TASK STATEMENT - With the pictures set aside, return the lines below exactly, beginning at the first and ending at the line containing "A sliced batch".

SOURCE DATA -

————————

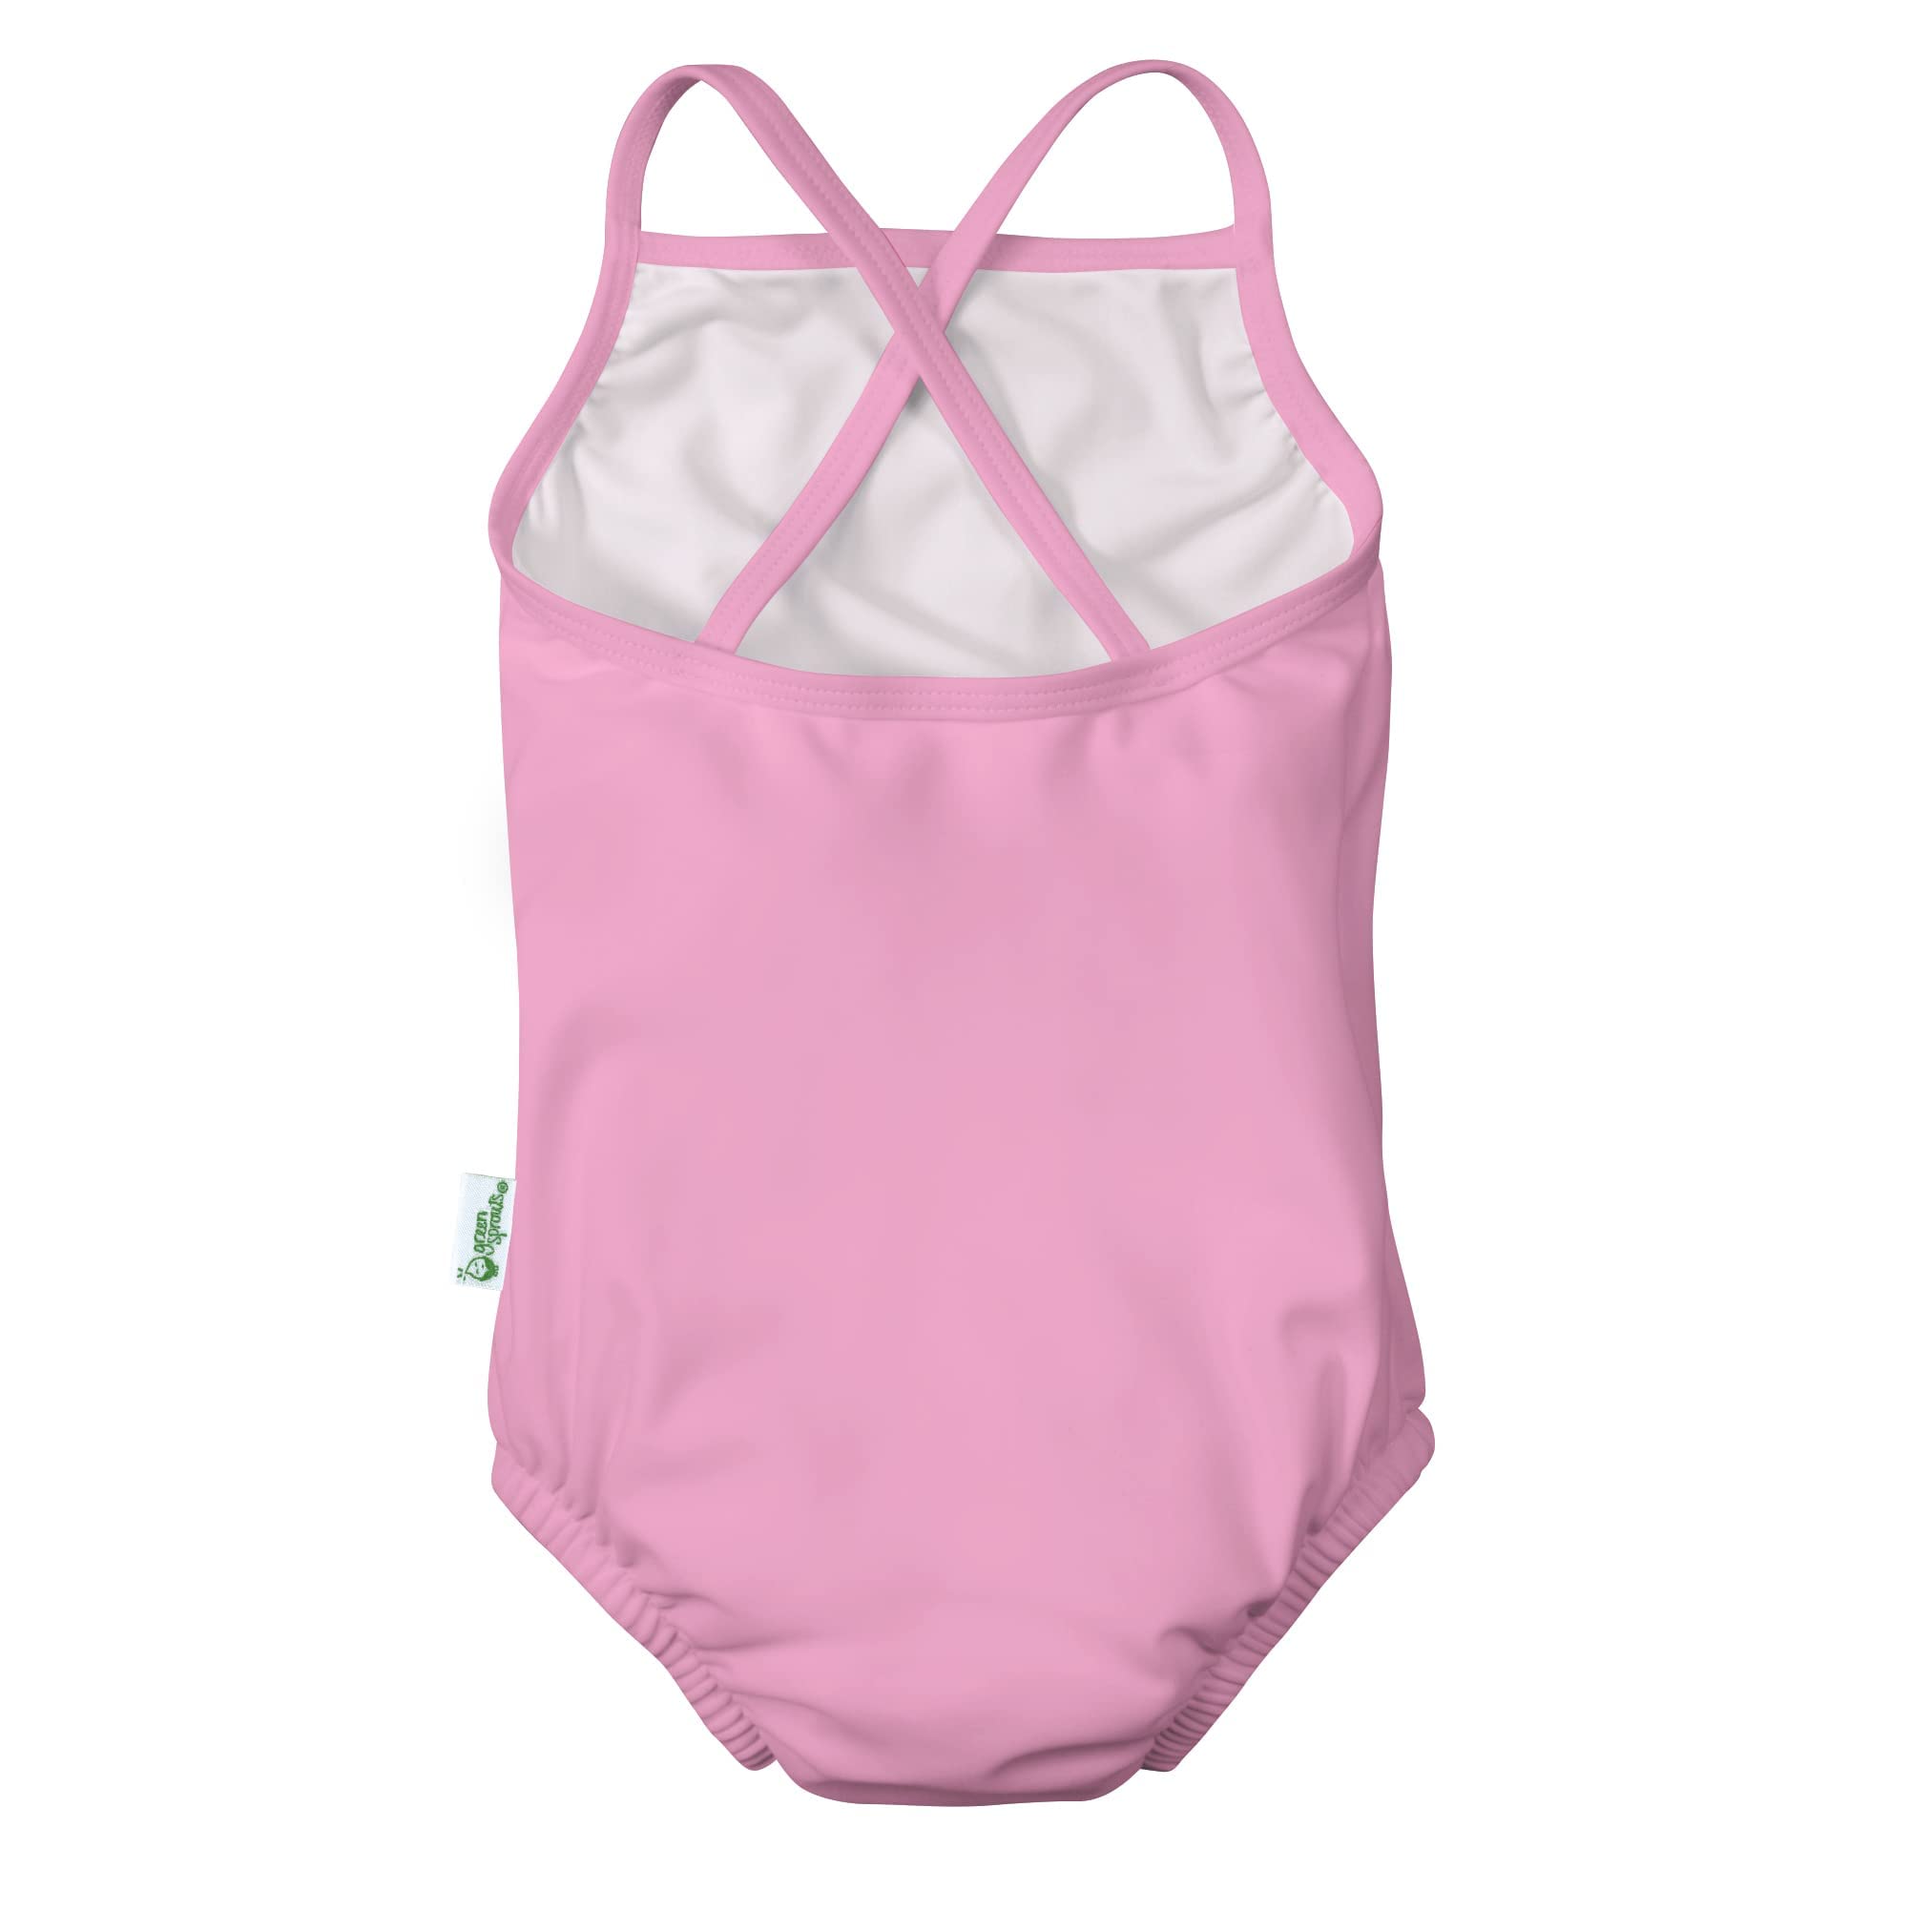 i play. by Green Sprouts One-Piece Swimsuit with Built in Reusable Swim Diaper | Helps Provide Secure Protection for Babies & Swimmers
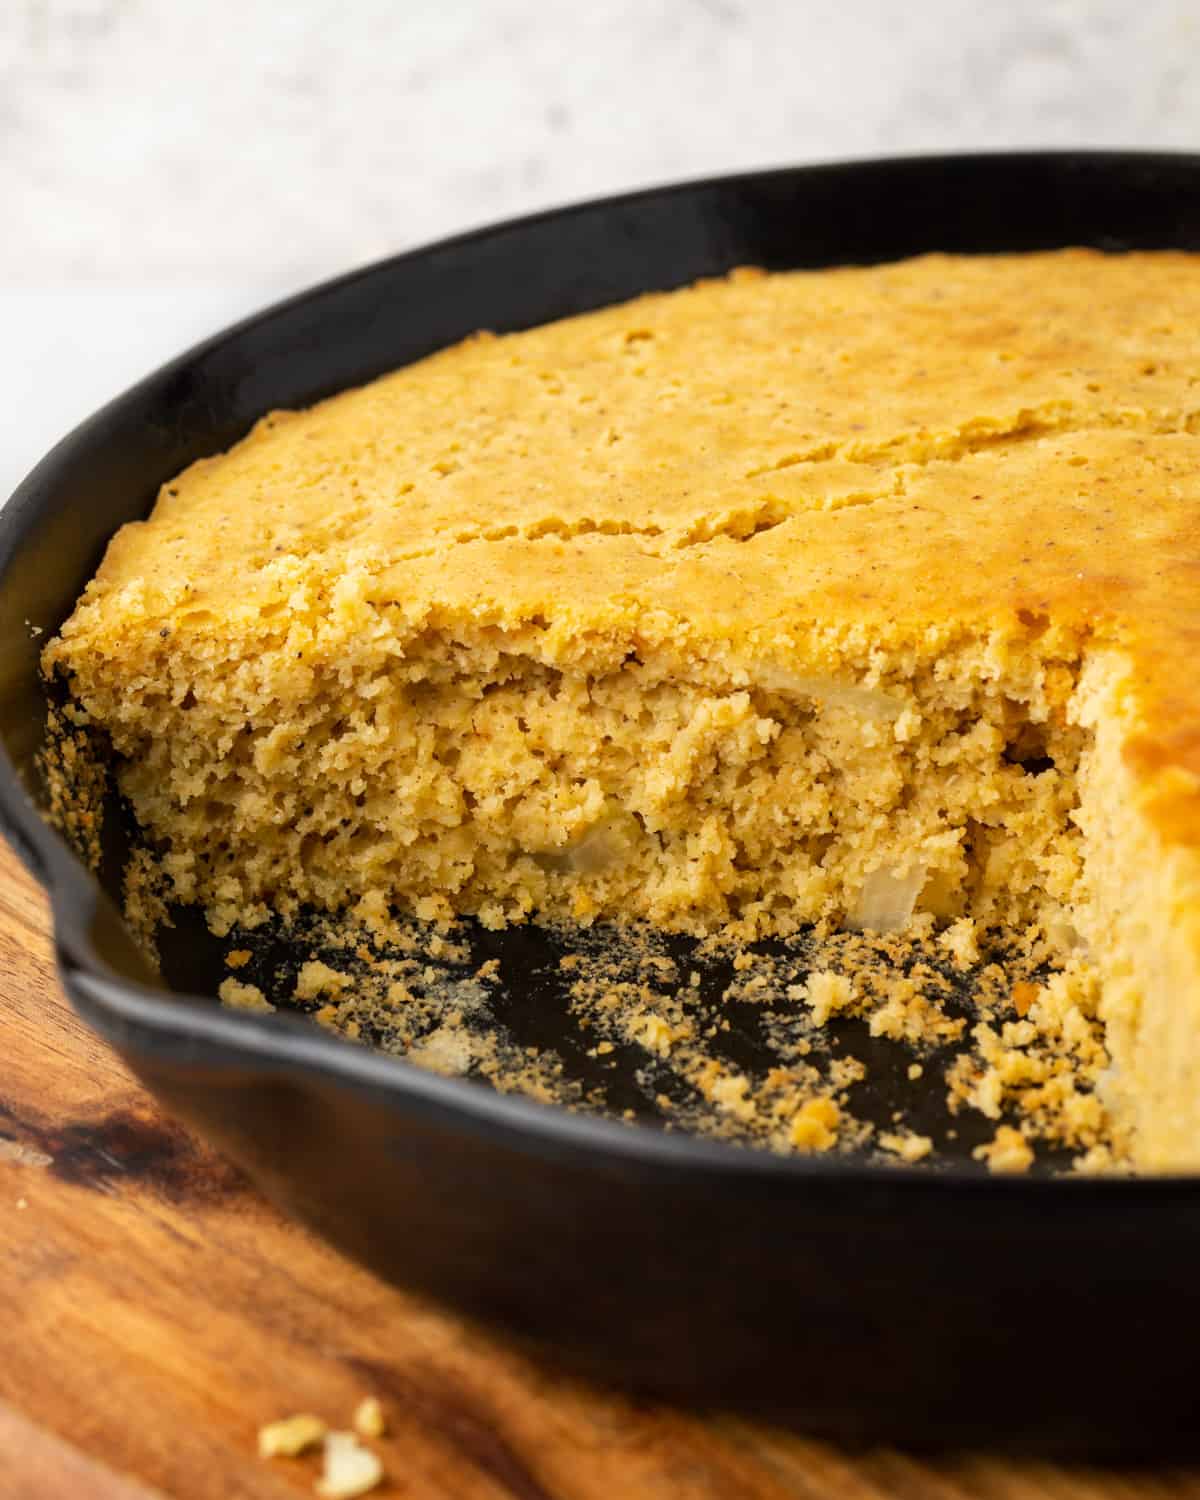 A sliced batch of cornbread in a cast iron skillet.
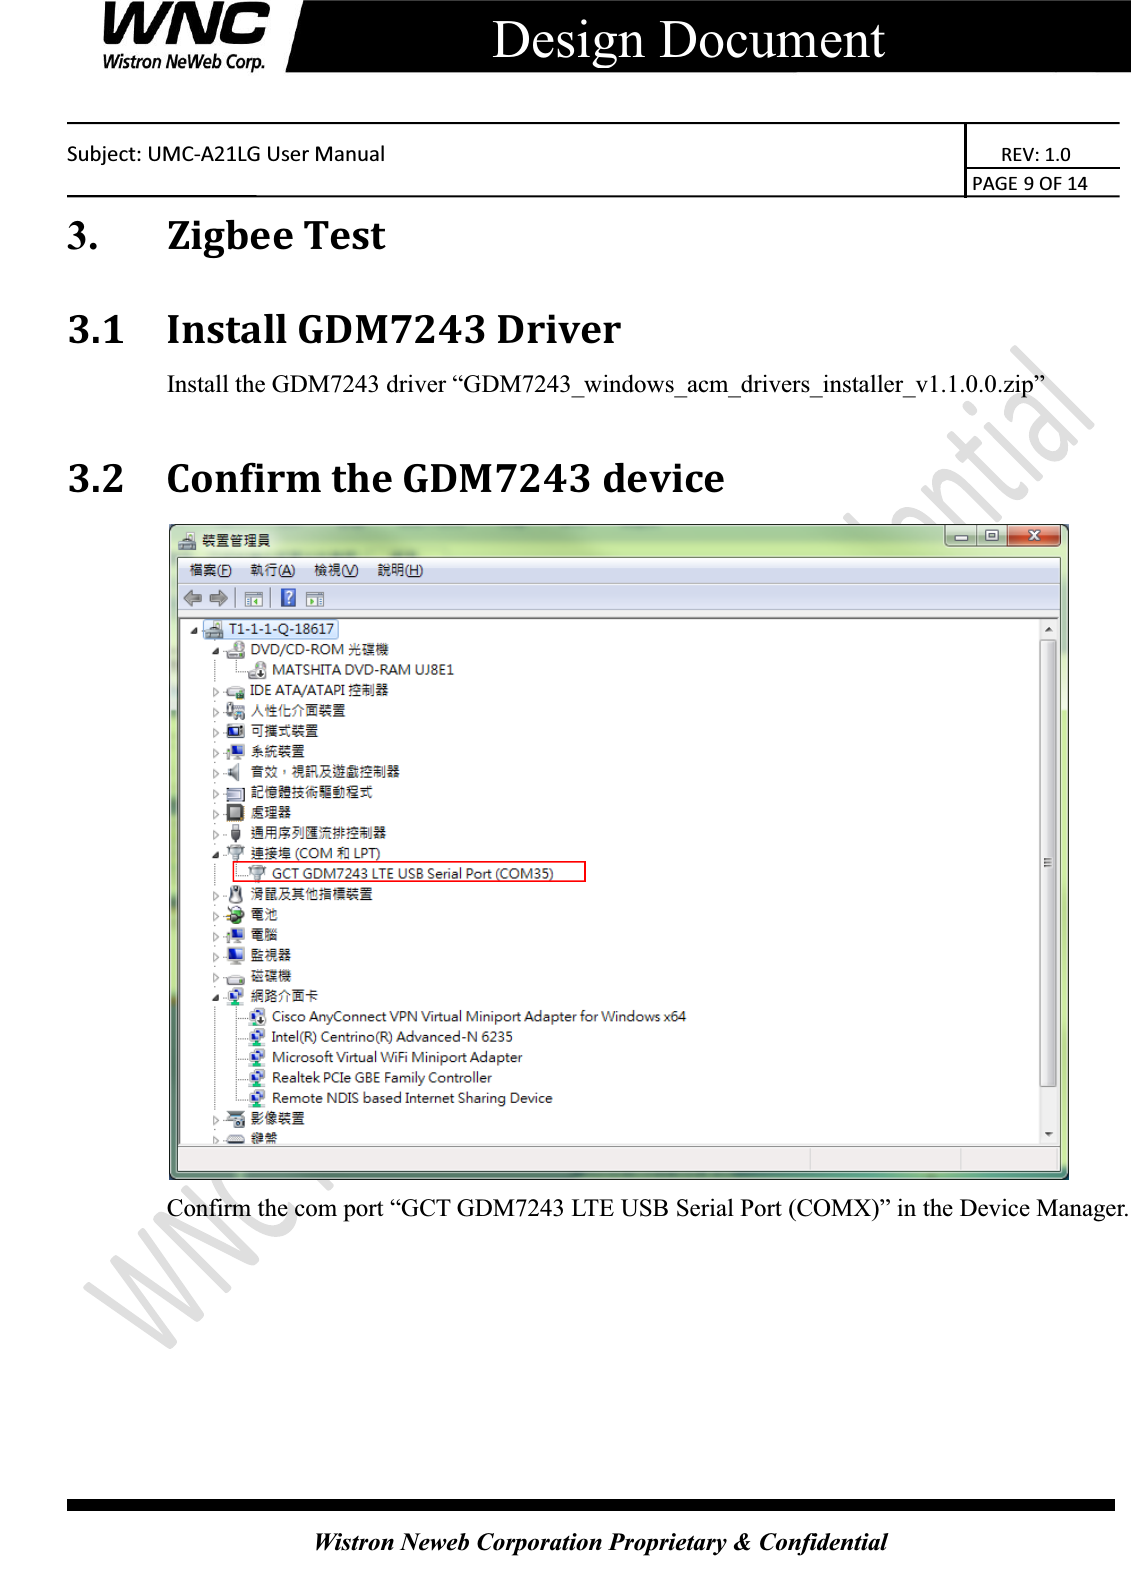    Subject: UMC-A21LG User Manual                                                          REV: 1.0                                                                                        PAGE 9 OF 14  Wistron Neweb Corporation Proprietary &amp; Confidential     Design Document 3.    Zigbee Test 3.1 Install GDM7243 Driver Install the GDM7243 driver ³GDM7243_windows_acm_drivers_installer_v1.1.0.0.zip´  3.2 Confirm the GDM7243 device  Confirm the com port ³GCT GDM7243 LTE USB Serial Port (COMX)´ in the Device Manager.

————————

EXPECTED OUTPUT -
 i play. by Green Sprouts One-Piece Swimsuit with Built in Reusable Swim Diaper | Helps Provide Secure Protection for Babies & Swimmers
 A sliced batch of cornbread in a cast iron skillet.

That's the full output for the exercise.